TASK GOAL >> Only the tail of the listing is wanted: the line containing "Wallpapers Black Goku" and all after it, repeated exactly, pictures omitted.

DATA SEGMENT >>
━━━━━━━━━━

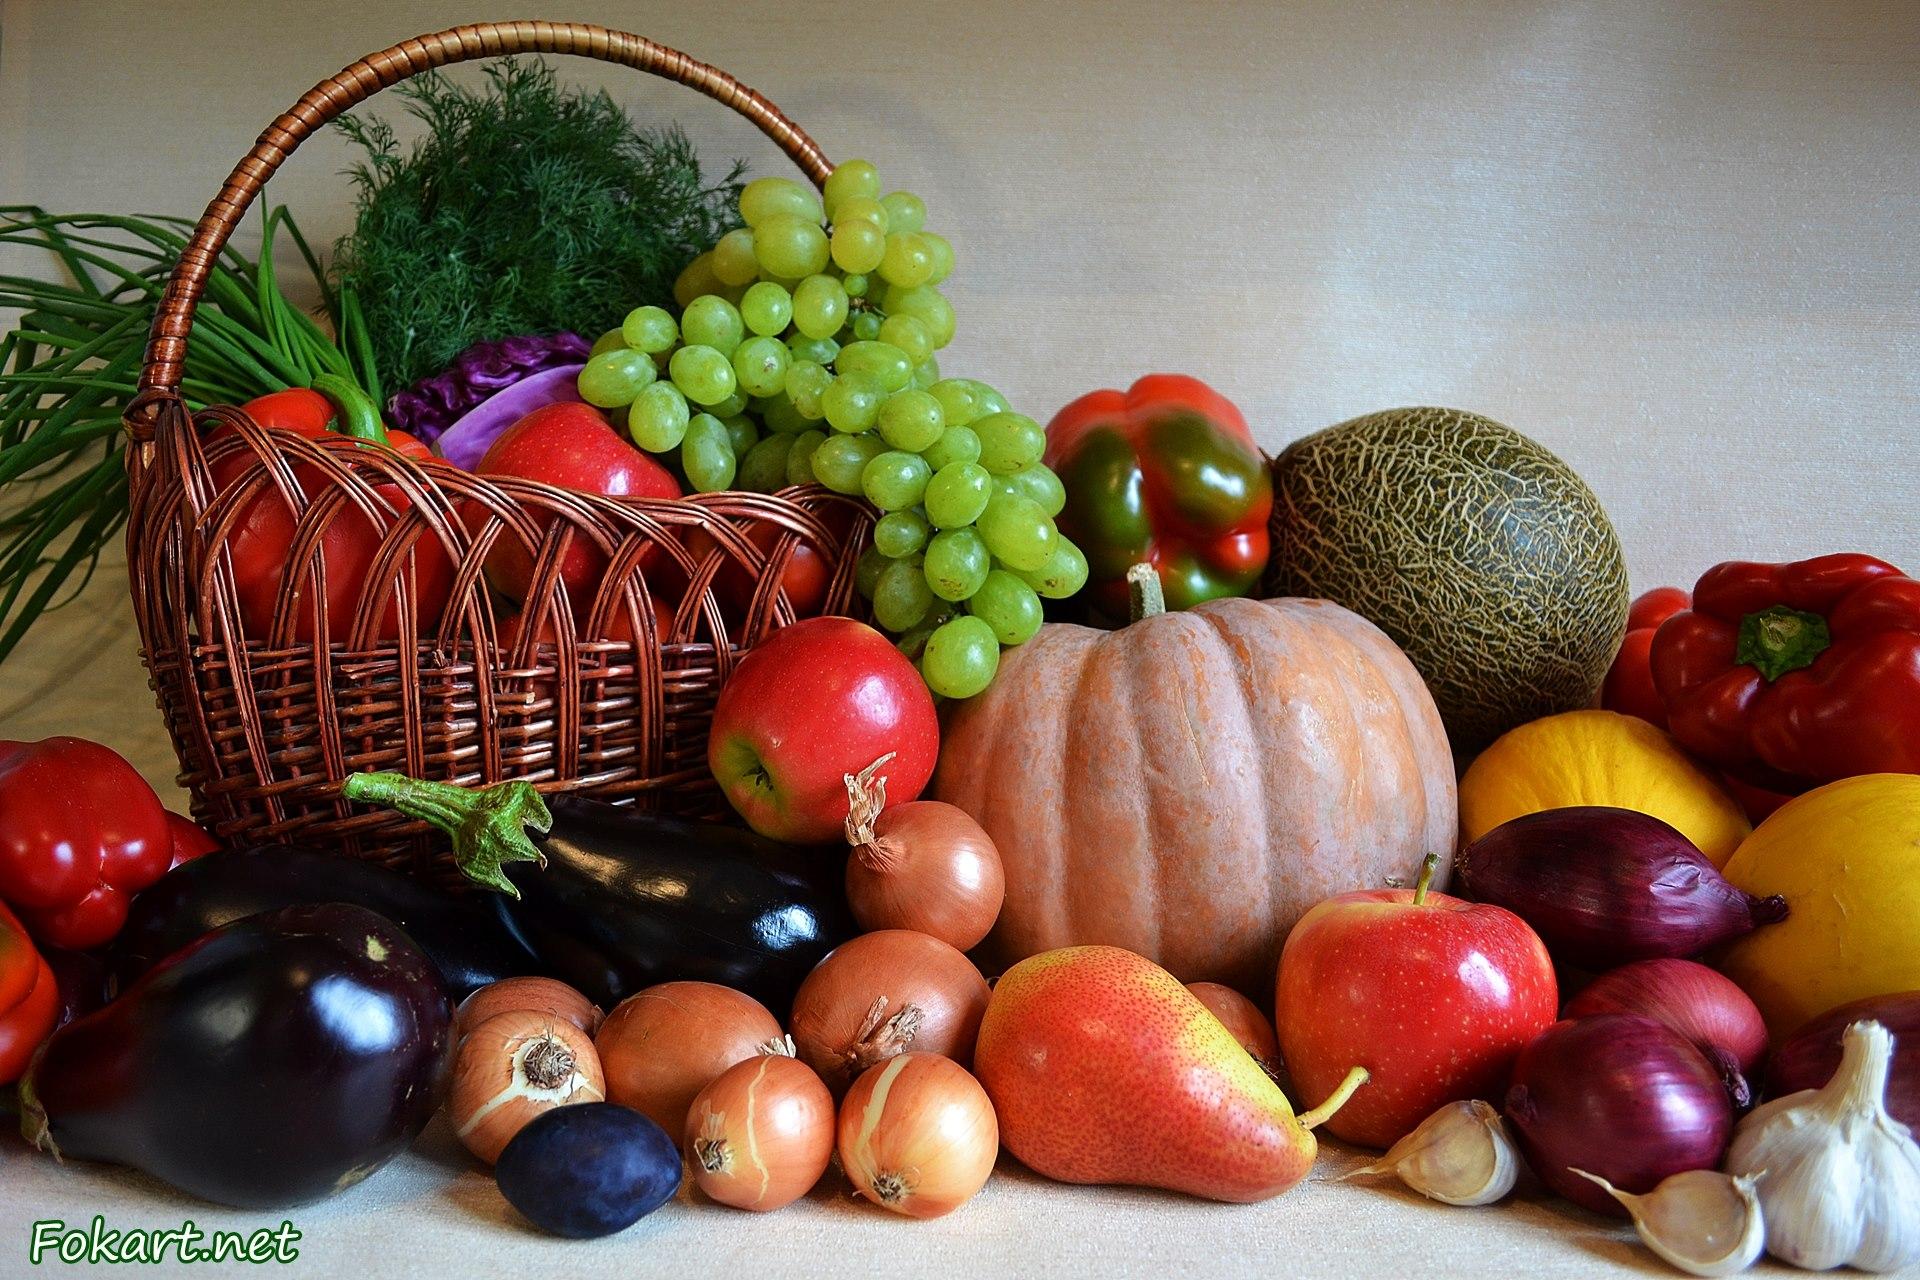 Тыква, дыня, перец, баклажаны, лук, виноград, зелень...
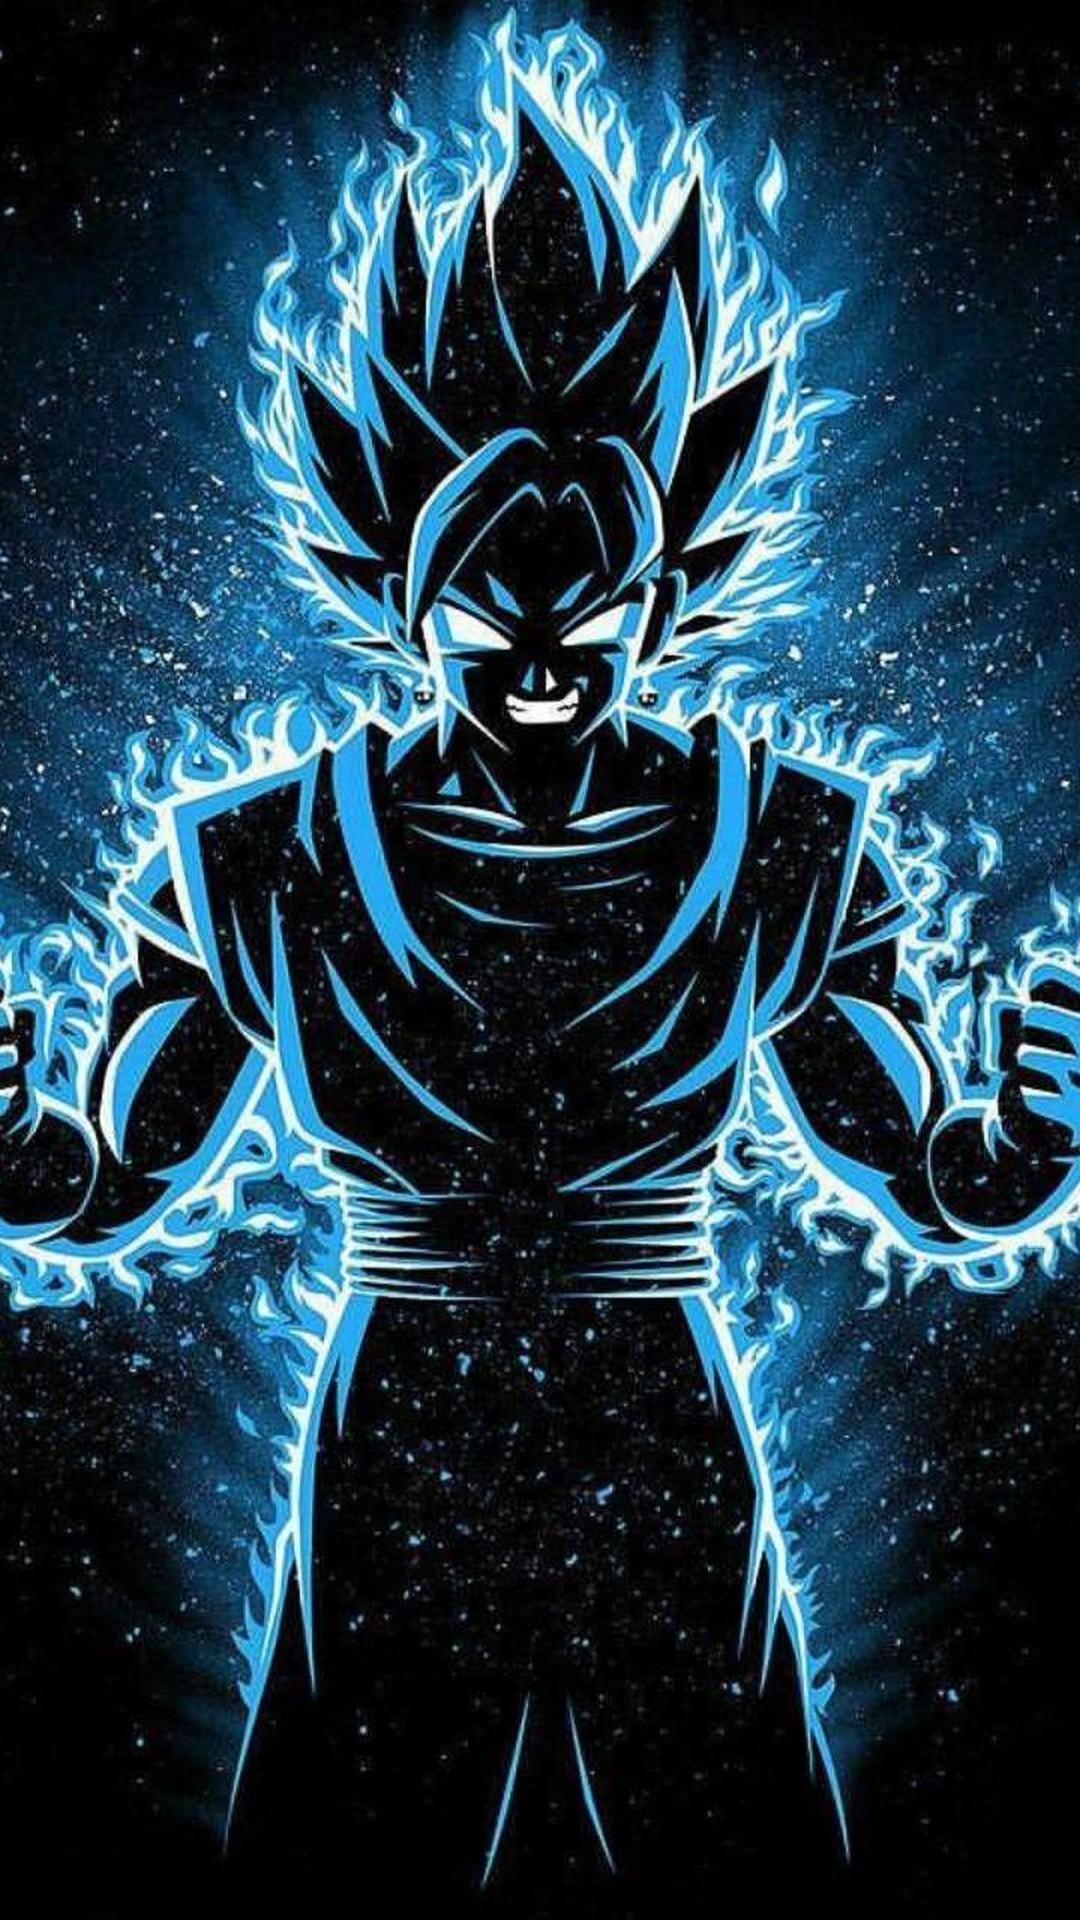 Wallpapers Black Goku With Image Resolution Pixel Dark
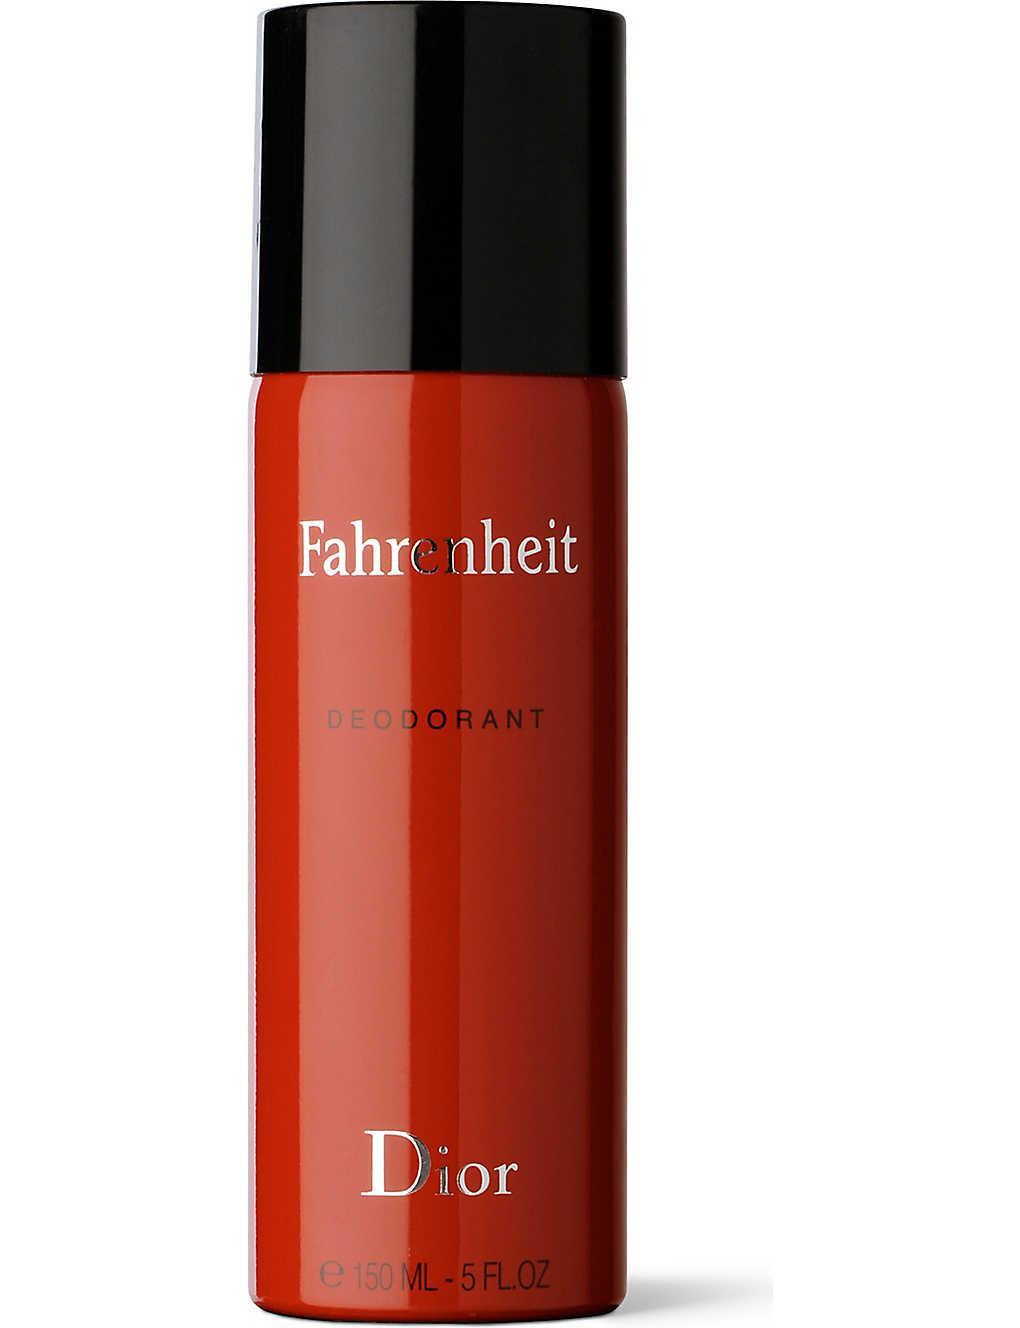 Dior Fahrenheit M Deodorant Spray 150ML
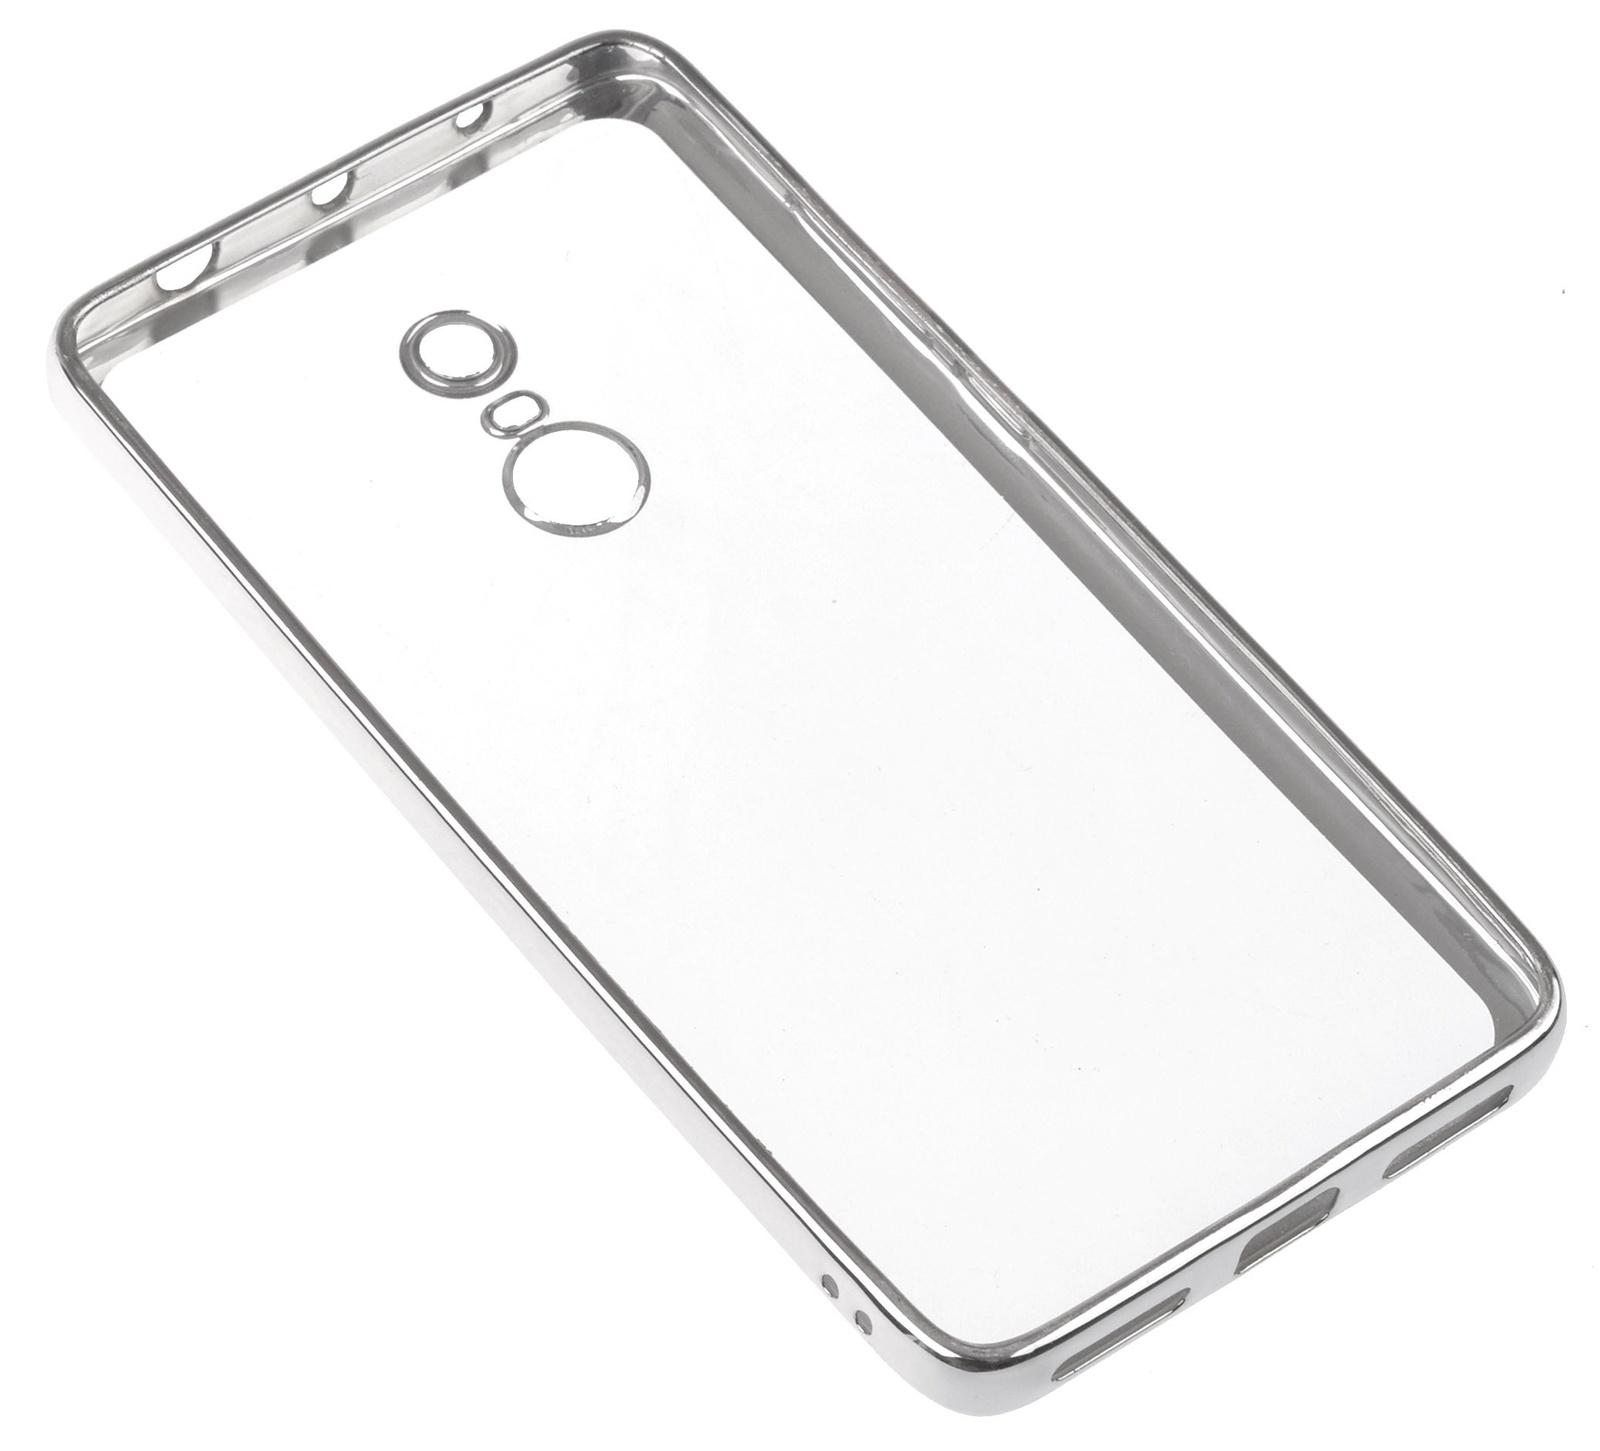 Чехол для сотового телефона skinBOX Silicone chrome border, 4630042520899, серебристый чехол для сотового телефона skinbox silicone chrome border 4630042524514 серебристый

━━━━━━━━━━

SOLVED EXERCISE >>
 Wallpapers Black Goku With Image Resolution Pixel Dark
 Dior Fahrenheit M Deodorant Spray 150ML
 Чехол для сотового телефона skinBOX Silicone chrome border, 4630042520899, серебристый чехол для сотового телефона skinbox silicone chrome border 4630042524514 серебристый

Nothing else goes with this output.